Here’s an interesting situation that I’m wondering if anyone has an answer to. I’ve devised a solution, but it’s less-than-elegant, and seems like it should be unnecessary.
I receive a file of “address changes” each month which may contain address changes or new records. By comparing the two tables in a Left Outer join, I can determine which “address changes” do not exist in the current customer table and will need to be appended. I perform a make-table query to place these new records in their own table “New Customers”, and then later in the processing (after I’ve made the address changes) perform an append query to append all the records in this table to the customer table. There are currently over 20,000 customers in the table; I’m trying to add 755 new records. There are 365 records that are actually changes. When I run the append query, it appends 13 and tells me the rest have not been added due to key violations. Now the only key field is the customer number, and I already confirmed it’s not duplicate when I ran the Select query where I used the Left Outer join to create the “New Customers” table in the first place. So I run the append query again. Interestingly, it appends another 18 records now. A third run nets another 15 and so on.
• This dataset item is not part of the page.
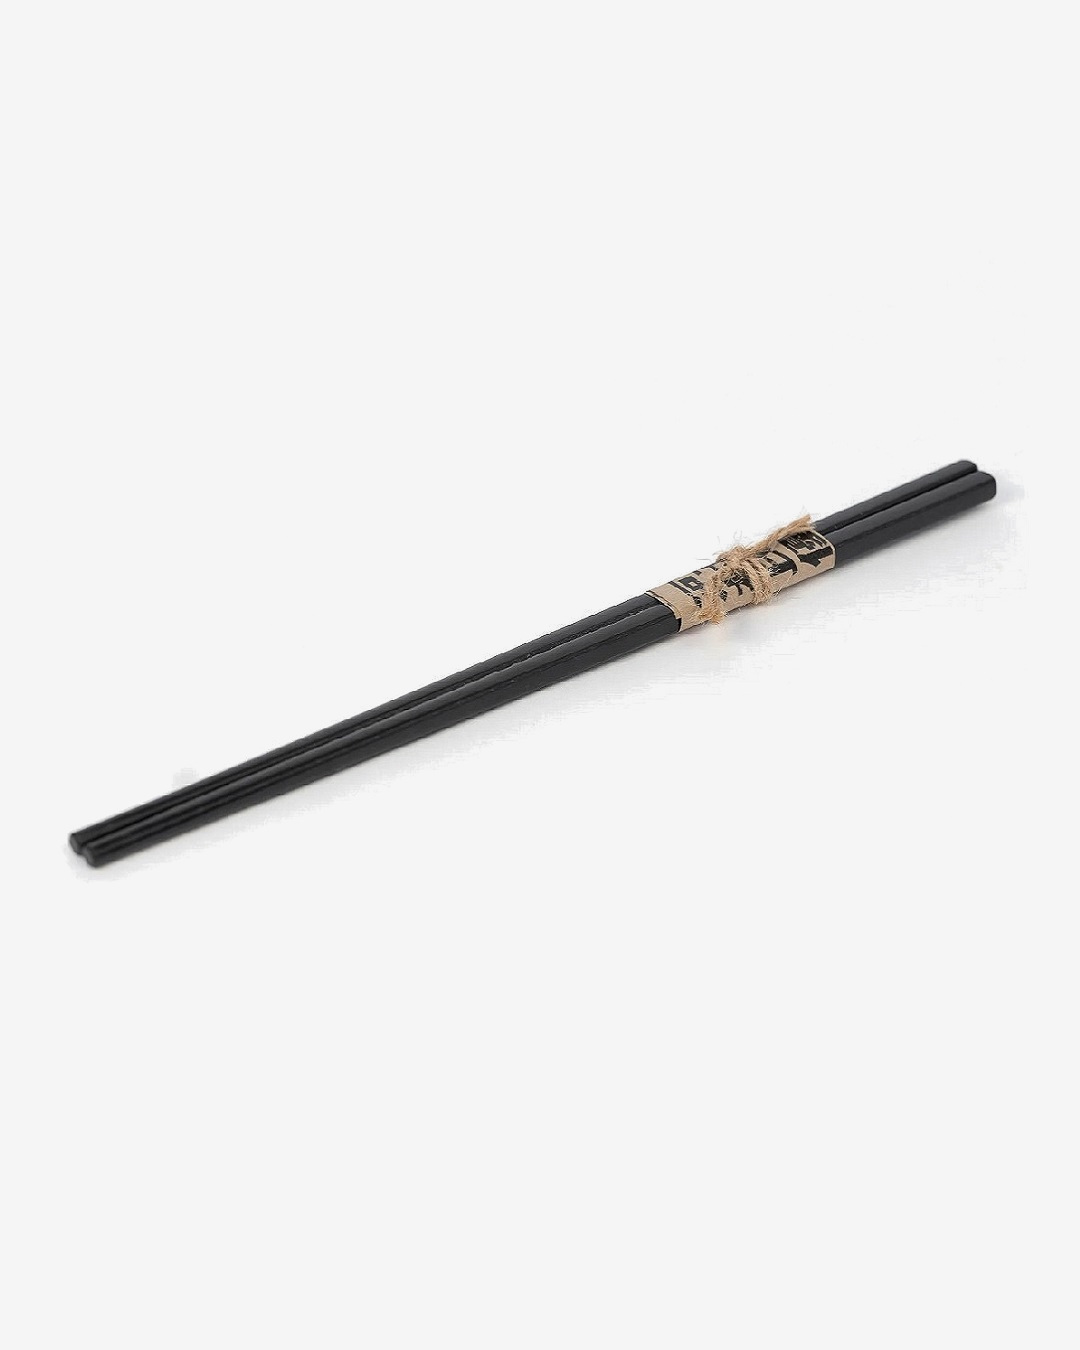 Black chopstick set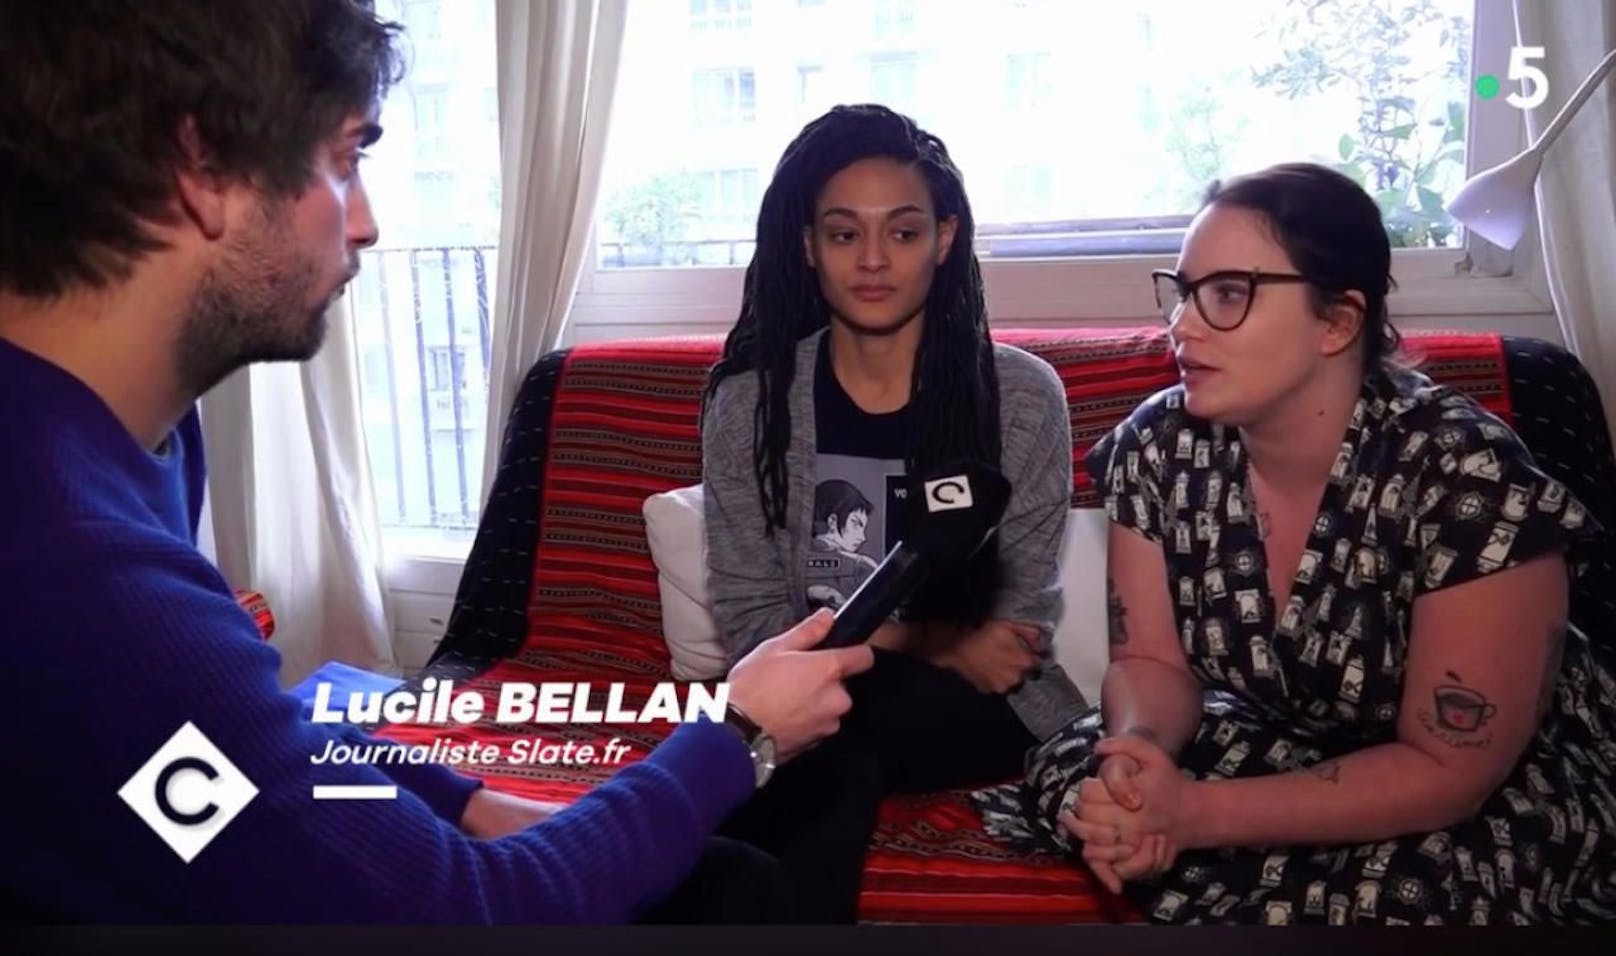 Melania Wanga und Lucile Bellan im Interview.

Eventually, after running the query 8 times, all records get appended to the customer table.
I’m running all this in VBA using SQL statements. What I’ve done as a workaround is determine how many records I should have (by issuing a DCOUNT against the New Customers table) and then executing the Query repeatedly (using dbs.Execute “Queryname” in a loop instead of using SQL) and incrementing a counter to count .RecordsAffected. When this counter reaches the dcount, I exit the loop and carry on.
My question: What would make a query only append 13 records when it’s obvious there really are no key violations since it’s able to append all the records if I run it 8 times in succession?
Has anyone run up against something like this before? Interestingly, I’ve refreshed my data from a backup, compacted and repaired the database and received EXACTLY the same result requiring 8 runs of the query with the same number appended each time. Very strange.